Which platform should I choose for Mobile Learning? iPhone vs Android

Out there, there is a war between iPhone (current champion), and Android (candidate) for the mobile market (where is Windows Mobile? what are they doing?). This war affect all of us that work with mobile devices in education, as we have to choose to develop the mobile app in one platform or another.

Recently I''ve read an interesting post in AboveTheCrowd about this war. The conclussion that I obtained reading it and some other good posts is that Google's Android is going to win the war for the majority of people. As they succesfully pointed: "Google is attempting to be the Microsoft of the smartphone market.  Perhaps ironically, Apple is well positioned to be the “Apple” of the smartphone market."

The reason is clear, Apple goes on with its Operating System mounted over its Hardware (as ocurred in PCs), while Android is an Open Source Operating System open to be mounted over any device of any company (e.g. currently I know at least Motorola, Samsung, and HTC).

These are two clear advantages: open source (millions of developers working for free to provide cool applications); and hardware independence (many manufacturers will use Android to reach the masses).



But, there is another good reason that will Google win the battle. While carriers have to pay a fee to Apple to sell its devices, Google gives them for free. Better than free! Google pays to the carriers an ad share! The reason is because Google don't need to earn money selling hardware or software, they want to control the device from where masses will make searches (and see its advertisment). In other case, if Apple would control the masses' device, it could ask an add fee to Google. And that's bad for Google's ad bussiness, which is its main bussiness.

And where is Microsoft in this war? I have no idea, but it's going to be very hard to compete against the Google's "Better that free". That's a bad deal for Microsoft.

So, my decision is clear, my next mobile learning projects will be over Android, obviously if I can't do it purely Web.

I hope to have helped you to clear your mind!

Mar 16, 2010

M2Learn Framework released! A framework to improve new mobile learning development

Recently I released the code of the framework where I've been working on during last months: M2Learn.
You can find the open collaborative platform here: http://code.google.com/p/m2learn/

Please feel free to download, participate, collaborate, ask and suggest!

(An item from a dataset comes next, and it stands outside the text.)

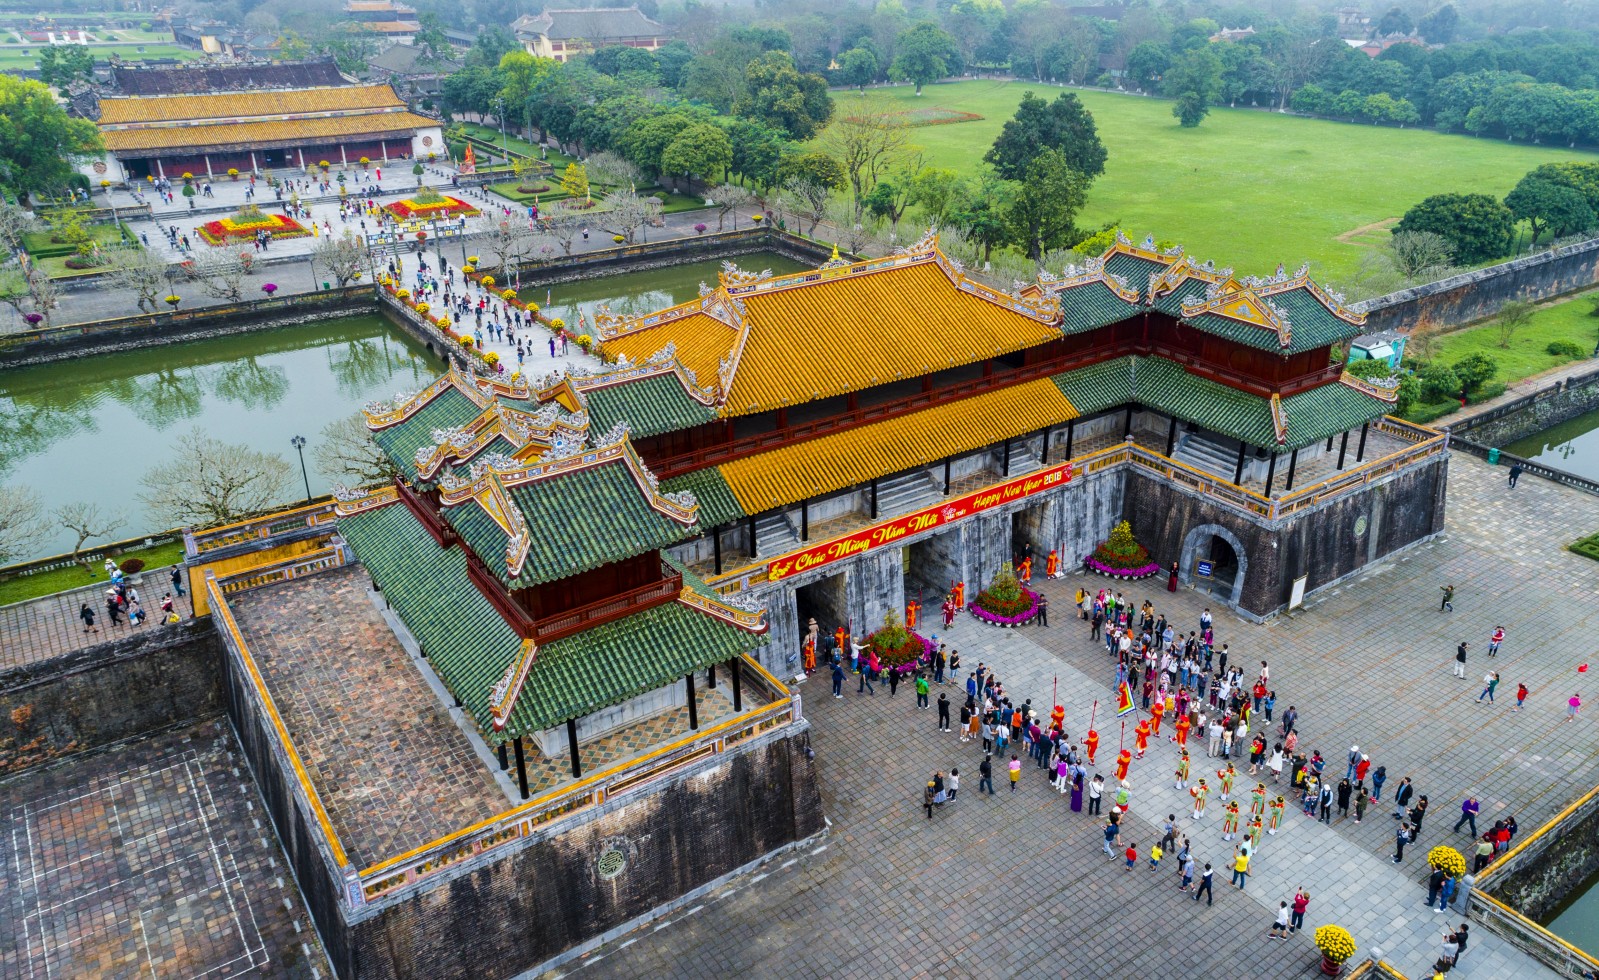 Tái hiện cảnh đổi gác của triều đình Nguyễn xưa phục vụ khách du lịch.​

Here you can find a brief summary:


The M2Learn framework is designed to address the requirements analysed in the previous chapter, regarding user-centric media (social networking; ubiquity; personalization; and interoperability); Future Internet; Education; and Digital Ecosystems. The framework offers an open API that helps developers to easily create new mobile applications with these features. From the scalability and reusability points of view, the framework supports plug-and-play configuration thanks to the use of standards, and definition of public interfaces. This feature allows adding new services to the environment without changing the software.

Regarding user-centric media, the framework is focused on user-driven collaboration and communication by supporting the inclusion of multimedia content in wikis, blogs, chats, and forums supported by existing e-learning platforms. It also supports participation in mobile social (learning-oriented) communities, thanks to its interaction with e-learning platforms and location technologies, promoting the called Internet by and for People and theP3 social networking (People-People-Place).

This concept is empowered by its ubiquity and pervasive features, which provide easy access to sensors and multi-modal interfaces (e.g. accelerometers), improving student engagement in content and activities; invisible management of location-based technologies (e.g. GPS, cell towers-triangulation, WiFi?); and support for the Internet of Things integrating a module that manages an RFID reader, All the data from these sensors and devices is gathered to compile the user’s context. This context is complemented by the access to services devoted to translate IDs or latitude and longitude coordinates into a name of area (e.g. room, building, street, city, and country), and associating it to services, or contents. All this contextual information can be also used to simplify the development of augmented reality applications, as a developer only needs to use the provided API (location+motion), and add the information that wants to mashup in the images from the camera.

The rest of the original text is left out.